Двухтомник Александра Базарова «Дурелом, или Господа колхозники» привлекает читателя уже своим названием. Когда это колхозников звали господами? И какой такой «дурелом»? А началось все с того, что курганский обком партии заказал тогдашнему сельскохозяйственному институту справку о масштабах раскулачивания в их крае. Начальство поручило изготовить сей документ экономисту А. Базарову. С этим делом, которое, как теперь понятно, стало делом его жизни, он и засел в архивах. Вскоре вышла в свет первая книга Александра Базарова «Кулак и АгроГУЛАГ». Появились его публикации и о раскулачивании, и о земельном кодексе, и о судьбе России на новом историческом изломе. И вот теперь книга»Дурелом, или Господа колхозники»

Корреспондентка «Челябинского рабочего» Светлана Миронова пишет: «Дурелом» читается на одном дыхании, но когда дыхания не хватает, откладываешь книгу в сторону, переполнившись информацией. И каждый раз вспоминается признание автора: Такие документы порой в архиве попадаются, что мигом выскакиваешь на улицу. Куришь и глотаешь слезы. И понять невозможно, как можно было жить в то время, ведь ни в грош не ценилась человеческая жизнь».

Александр Базаров пишет в основном о русском крестьянстве Урала, однако в книге есть очень интересное упоминание о российских немцах, которых тогда, в конце 20-х, самом начале 30-х годов, на Урале было не много, это только десятилетие спустя Урал покроется сетью немецких лагерей ГУЛАГА. Лишь на одной страничке своего двухтомника Александр Базаров сумел очень точно подметить национальный характер немецких колонистов.

«В самый разгар перелома секретарь Челябинского окружкома Финковский озабоченно костатировал, что революционными преобразованиями севершенно не охвачены немцы-колонисты. «Немцев в округе две тысячи, — говорил Финковский на партконференции, — и работа с ними ведется мимоходом. До сих пор среди немцев нет настоящего классового расслоения. До сих пор не внедрилась туду наша большевистская работа».
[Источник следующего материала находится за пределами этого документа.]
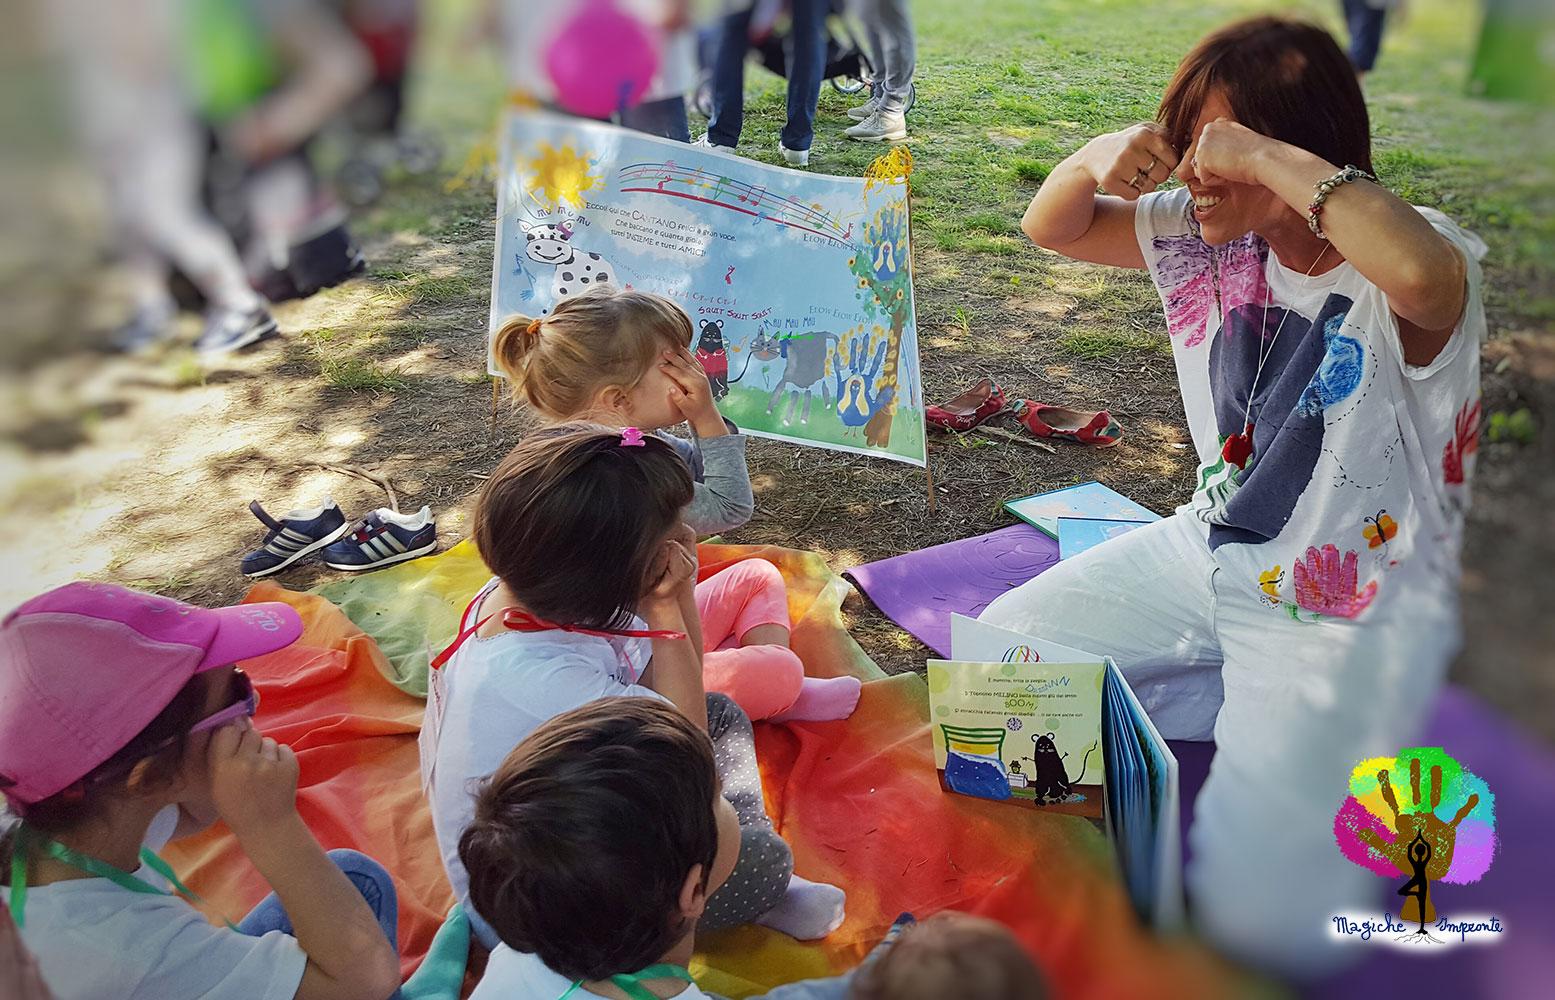 Le Fiabe dei miei Libri con le Impronte utili nello Yoga Educativo per Bambini.Trasmettono aspetti morali da abbinare ad Asana e Mudra con tanta creatività.

Местные немцы, воспитанные на святом уважении к индивидуальной трудовой собственности, сразу и решительно отказались от колхоза. Партийных эмиссаров вежливо выслушивали, но твёрдо стояли на своем. Избегая конфликта с государством, сами предложили компромиссное решение. Если Советская власть не может жить без немецких колхозов на Урале, пусть разрешит выезд в Германию. Как раз в то время развернулась кампания эмиграции российских немцев. По материальному положению подавляющее большинство колонистов подподало под кулацкие признаки.

Не имея желания стать рабами или воевать всю жизнь с большевистской сволочью, они искали любые возможности выехать из Страны Советов. Было замечено движение немцев на восток с последующим намерением нелегального перехода границы в Китай. Основная часть колонистов добивалась легального выезда. Тысячи семей, распродав имущество, сидели в Москве. На особых условиях эмигрантов согласилась принять Канада, реально было расселение в некоторых странах Латинской Америки.

От Советской власти в России можно было сбежать только на тот свет. Немцы тогда этого не знали. Челябинским дезертирам было на обум отказано по причине трудностей с транспортом. Колонисты, приняв довод, согласились идти на прародину пешком. Еле сдерживаясь, партийное руководство объяснило, что международное положение чрезвычайно сложное и на запад их не пропустят. Ну раз нельзя на запад, — сошлись, как у Лескова в «Железной воле», отечественная безшабашность и немецкий педантизм, — раз нельзя на запад, отпустите на Восток. Немцы выразили желание проити через Чукотку на Аляску. Оттуда, как известно, рукой подать до Германии. Да и в Канаде на ближайшие сто лет пролетарских революций не предвиделось.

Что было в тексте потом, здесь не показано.